If you have a constraint that a value may not be negative, then you need a way to detect and reject negative values; int is perfect for this. An unsigned will accept a negative value and silently overflow it into a positive value.
Bit shift semantics
Bit shift of unsigned by an amount not greater than the number of bits in the data type is always well defined. Until C++20, bit shift of signed was undefined if it would cause a 1 in the sign bit to be shifted left, or implementation-defined if it would cause a 1 in the sign bit to be shifted right. Since C++20, signed right shift always preserves the sign, but signed left shift does not. So use unsigned for some kinds of bit twiddling operations.
Mixed sign operations
The built-in arithmetic operations always operate on operands of the same type. If they are supplied operands of different types, the "usual arithmetic conversions" coerce them into the same type, sometimes with surprising results:
unsigned u = 42;
std::cout << (u * -1); // 4294967254
std::cout << std::boolalpha << (u >= -1); // false
What's the difference?
Subtracting an unsigned from another unsigned yields an unsigned result, which means that the difference between 2 and 1 is 4294967295.
Double the max value
int uses one bit to represent the sign of the value. unsigned uses this bit as just another numerical bit. So typically, int has 31 numerical bits and unsigned has 32. This extra bit is often cited as a reason to use unsigned.
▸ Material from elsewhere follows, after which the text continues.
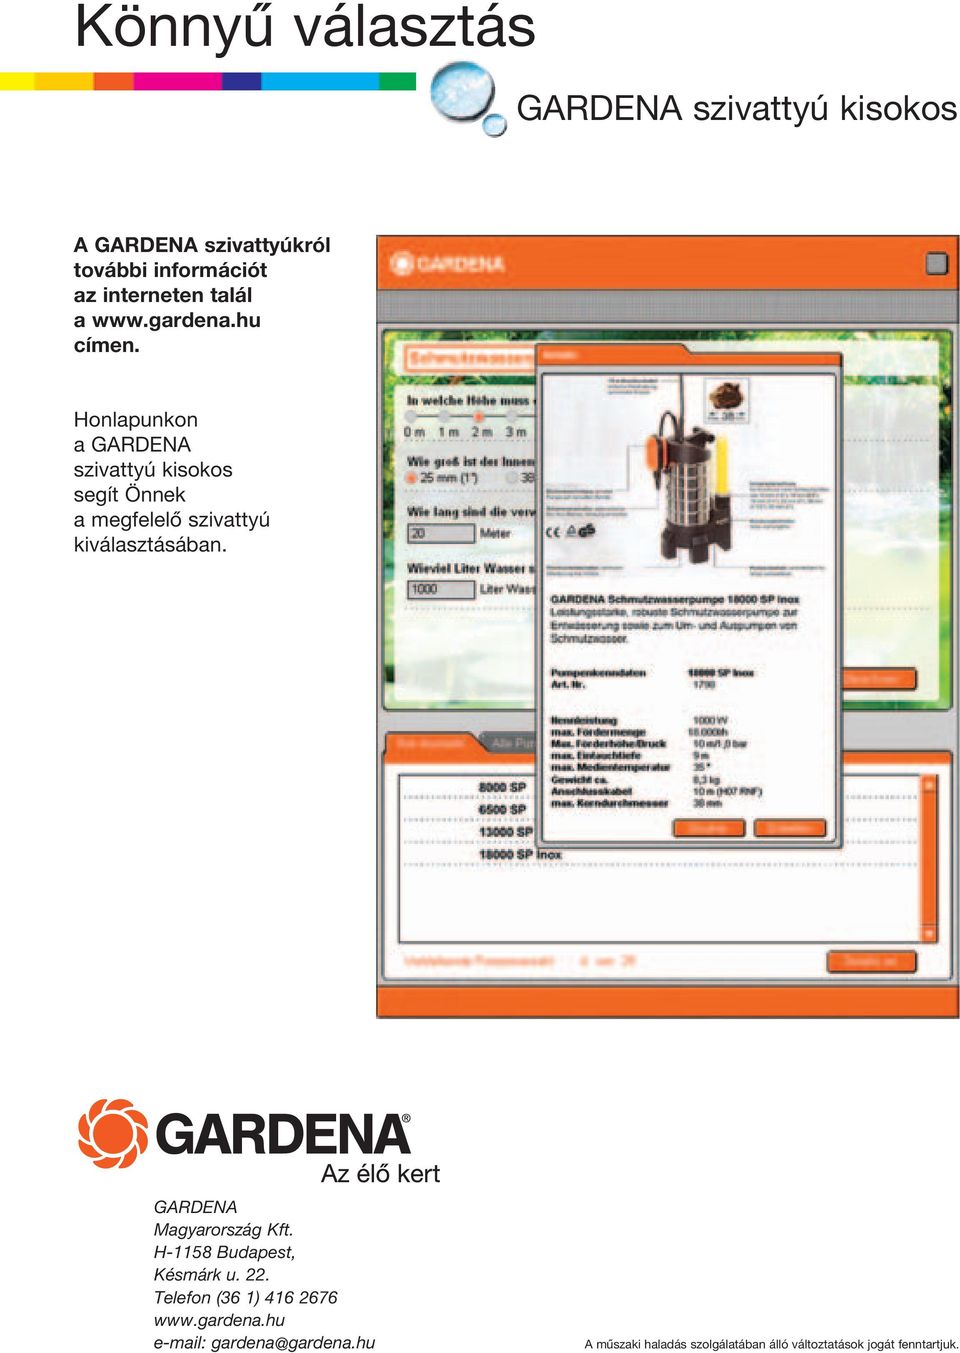 Honlapunkon a GARDENA szivattyú kisokos segít Önnek a megfelelô szivattyú kiválasztásában.

But if 31 bits are insufficient for a particular purpose, then most likely 32 bits will also be insufficient, and you should be considering 64 bits or more.
Function overloading
The implicit conversion from int to unsigned has the same rank as the conversion from int to double, so the following example is ill formed:
void f(unsigned);
void f(double);
f(42); // error: ambiguous call to overloaded function
Interoperability
Many APIs (including the standard library) use unsigned types, often for misguided reasons. It is sensible to use unsigned to avoid mixed-sign operations when interacting with these APIs.
Appendix
The quoted snippet includes the expression 0 <= grade <= 100. This will first evaluate 0 <= grade, which is always true, because grade can't be negative. Then it will evaluate true <= 100, which is always true, because true is converted to the integer 1, and 1 <= 100 is true.
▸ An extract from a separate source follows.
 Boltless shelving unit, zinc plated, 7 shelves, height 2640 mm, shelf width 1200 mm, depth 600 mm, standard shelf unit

Yes it does make a difference. In the first case you declare an array of 11 elements a variable of type "unsigned int". In the second case you declare them as ints.
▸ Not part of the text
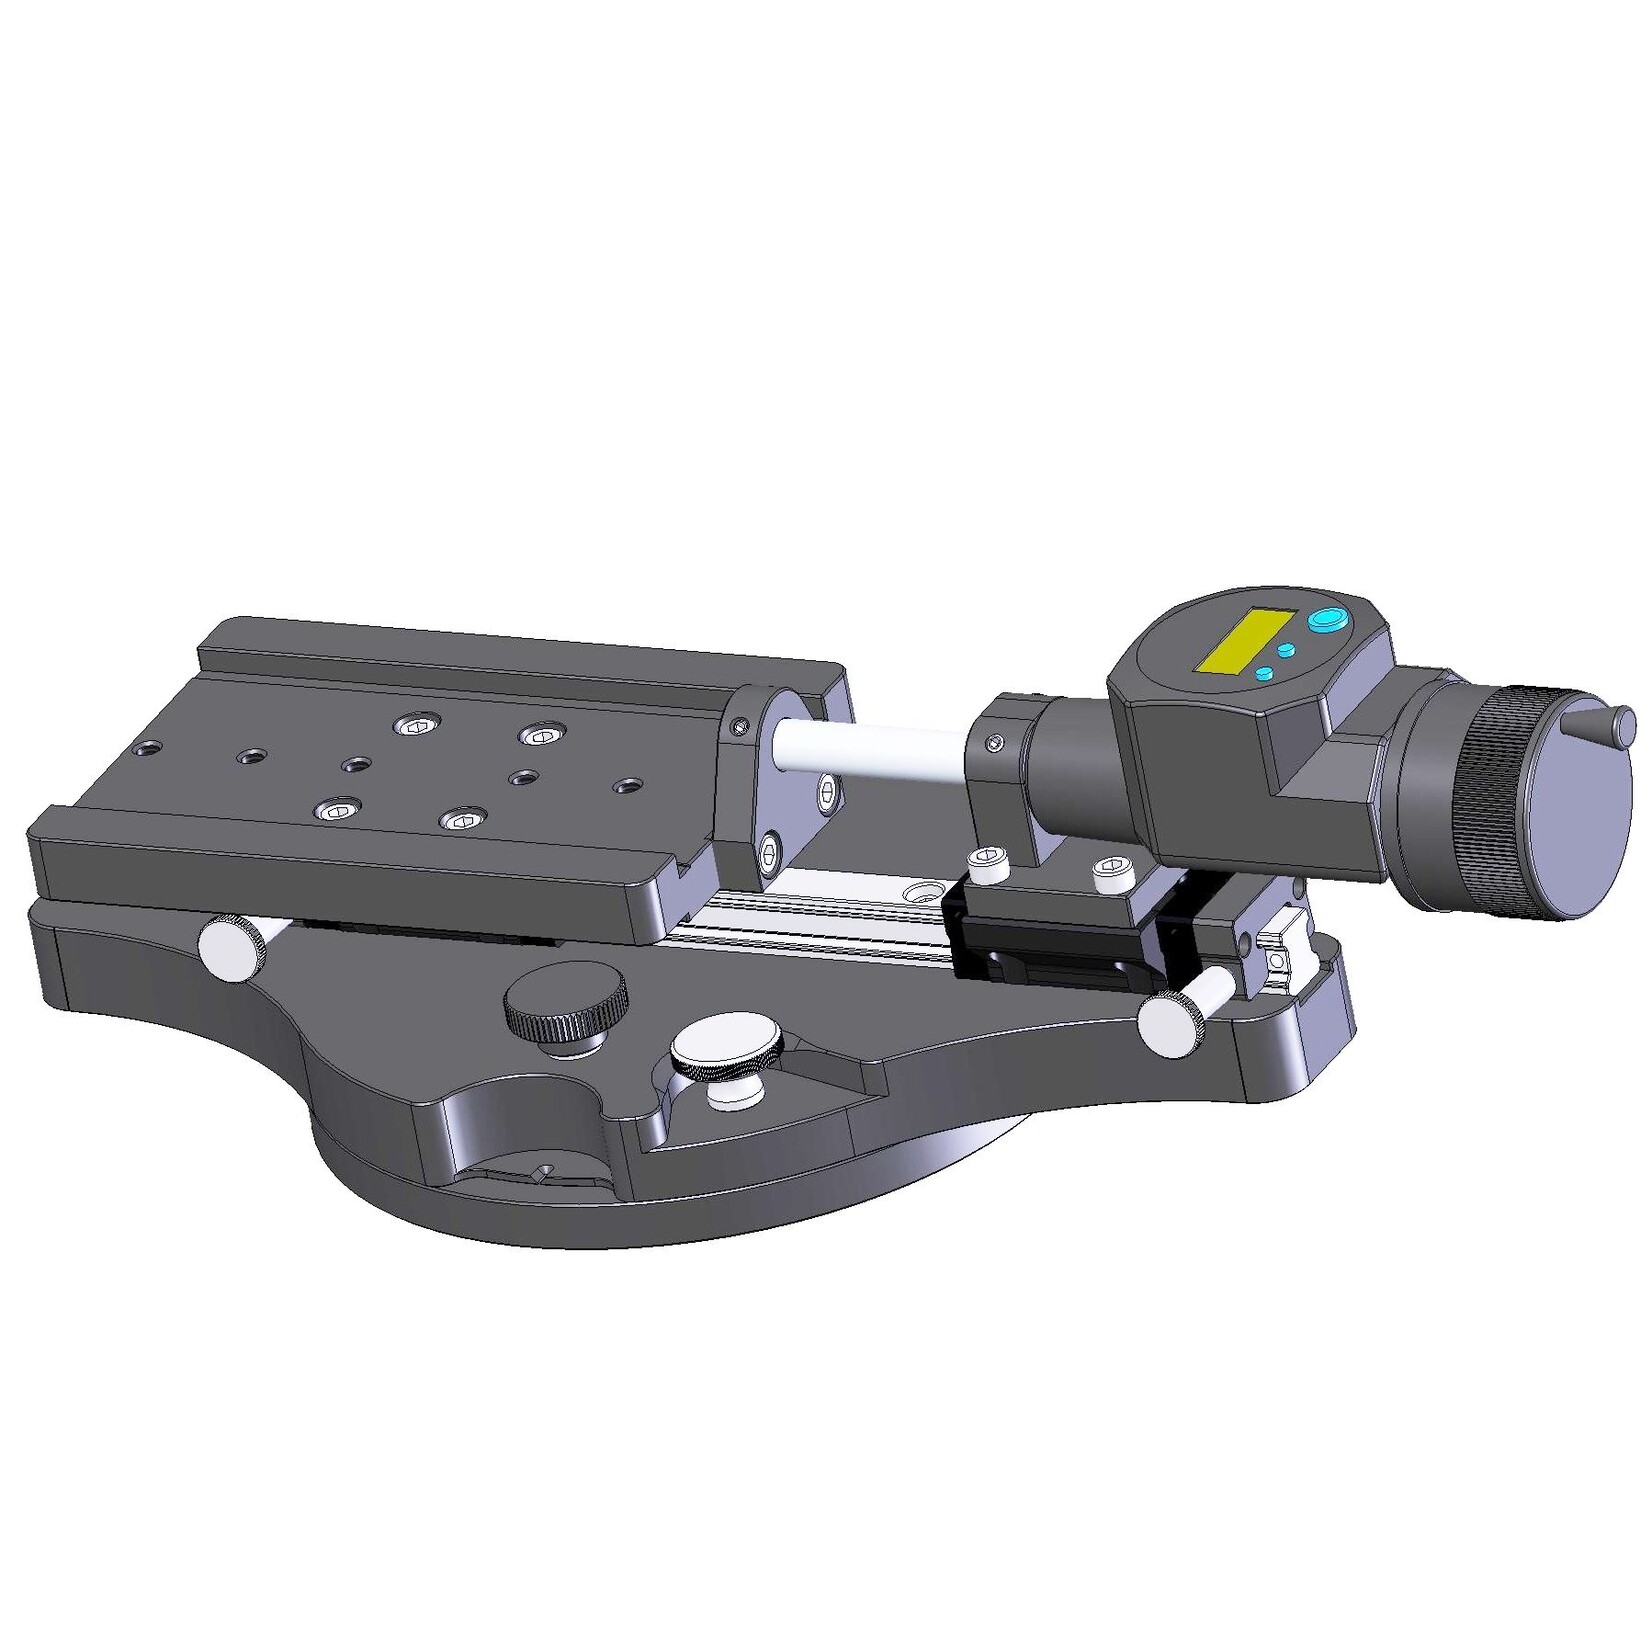 Medição de comprimento de 50 mm com resolução de 0,001 mm, ideal para utilização em microscópios

When the int is on 32 bits you can have values from the following ranges
–2,147,483,648 to 2,147,483,647 for plain int
0 to 4,294,967,295 for unsigned int
You normally declare something unsigned when you don't need negative numbers and you need that extra range given by unsigned. In your case I assume that that by declaring the variables unsigned, the developer doesn't accept negative scores and grades. You basically do a statistic of how many grades between 0 and 10 were introduced at the command line. So it looks like something to simulate a school grading system, therefore you don't have negative grades. But this is my opinion after reading the code.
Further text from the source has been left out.